We resort to bootstrapping and mathematical models.

Let’s return to the medical consultant example

A consultant tries to attract patients by saying that only 3 of her 62 clients (4.8%) had complications from surgeries; baseline US average complication rate is 10%.

Was not a randomized trial, so no way to assess whether her actions cause lower complication rate (she could have selectively chosen healthy patients).
However, we can assess whether the observed proportion $\hat p = \frac{3}{62} \approx 0.048$ would occur due to random chance given population average of $p_0 = 0.1$.
Can formulate this as a hypothesis test:
- $H_0$: no association between consultant contributions and complication rate; $p=0.10$
- $H_A$: patients with consultant associated with lower complication rate; $p<0.10$
We’ll estimate a “p-value”: if the null hypothesis is true, what is the probability of observing a test statistic $(\hat p)$ that is as extreme as the one we saw?

Sampling under the null hypothesis

What is the sampling distribution of the test statistic $\hat p$ if $H_0$ is true?

Dataset: 3 of 62 donors had complications.
Under $H_0$, 10% of donors have complications.
Now we want to simulate additional datasets of size 62, where with probability 10%, the donor has a complication.
$i$th simulated dataset will produce a proportion $\hat{p}_{sim}^{(i)} = \frac{\# \text{ complications}}{62}$

set.seed(37)
comp_rate_obs <- 3/62
medical_consultant_sim_dist <- tibble(stat = rbinom(10000, 62, 0.1)/62)

medical_consultant_n_sim <- medical_consultant_sim_dist |>
  filter(stat <= comp_rate_obs) |>
  nrow()

medical_consultant_p_val <- round(medical_consultant_n_sim / 10000, 3)

ggplot(medical_consultant_sim_dist, aes(x = stat)) +
  geom_histogram(binwidth = 0.0167) +
  gghighlight(stat <= comp_rate_obs) +
  scale_x_continuous(breaks = seq(0, 0.5, 0.02), labels = label_number(accuracy = 0.01)) +
  labs(
    x = expression(hat(p)[sim]),
    y = "Number of simulated scenarios"
  )

Histogram of simulated proportions for 10000 simulated datasets. Shaded = sample proportions under null that are as extreme as the observed 3/62.

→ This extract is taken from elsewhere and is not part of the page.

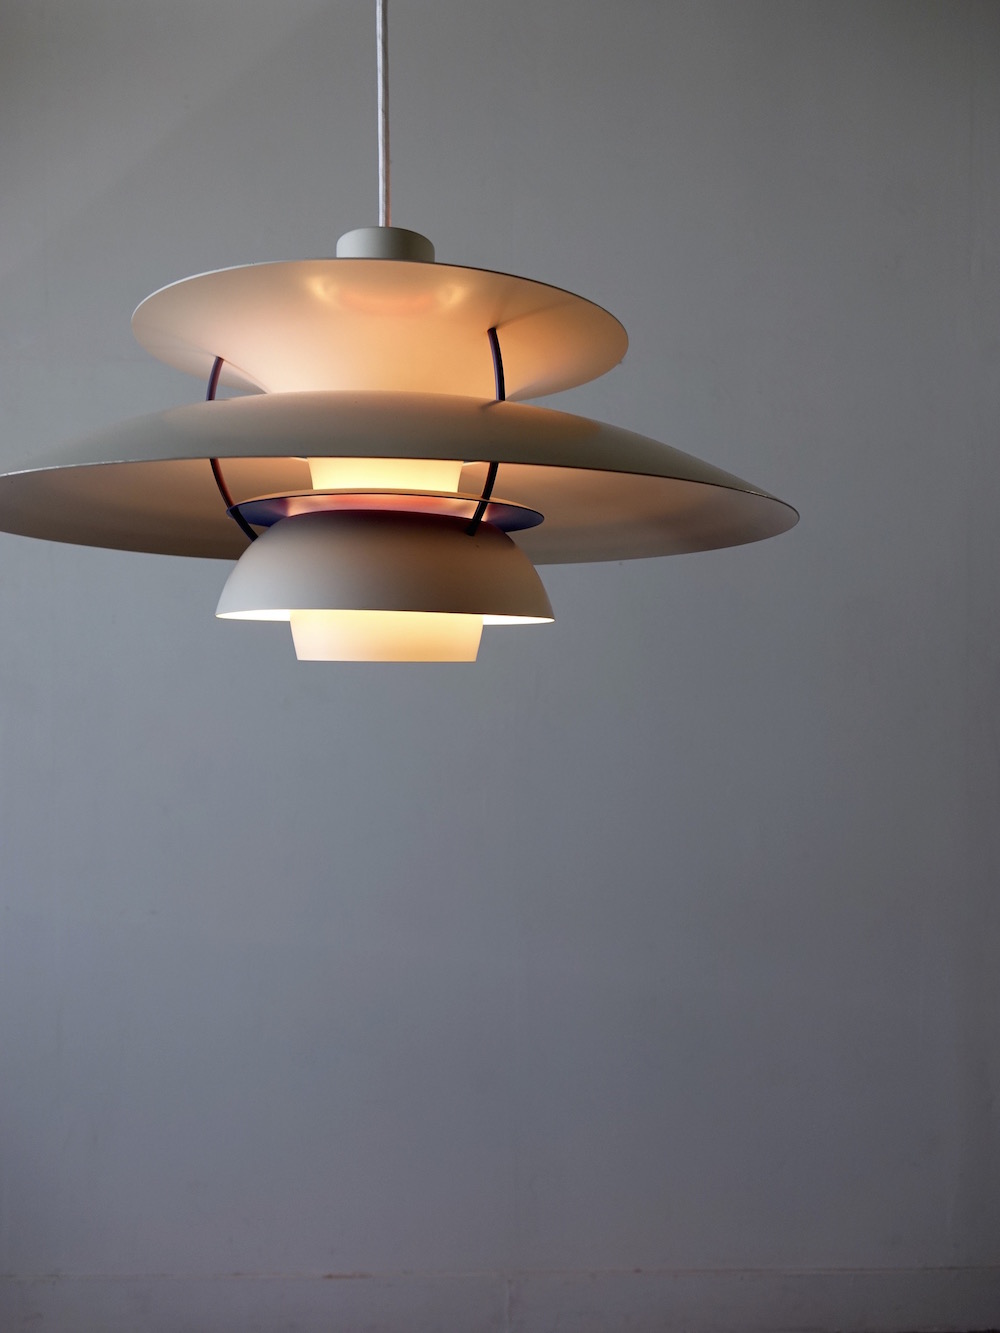 PH5 Pendant lamp by Poul Henningsen for Louis Poulsen

1222 simulated sample proportions were $\leq 3/62$
We use these to construct the null distribution’s left-tail area:

\[\begin{align*} \text{left area} = \frac{\text{# sims w/ }\hat{p}_{sim}^{(i)} \leq \text{ (3/62)}}{\text{total # sims}} \end{align*}\]

Our estimated p-value is equal to this tail area: 0.122.

How do we do this binomial simulation in R?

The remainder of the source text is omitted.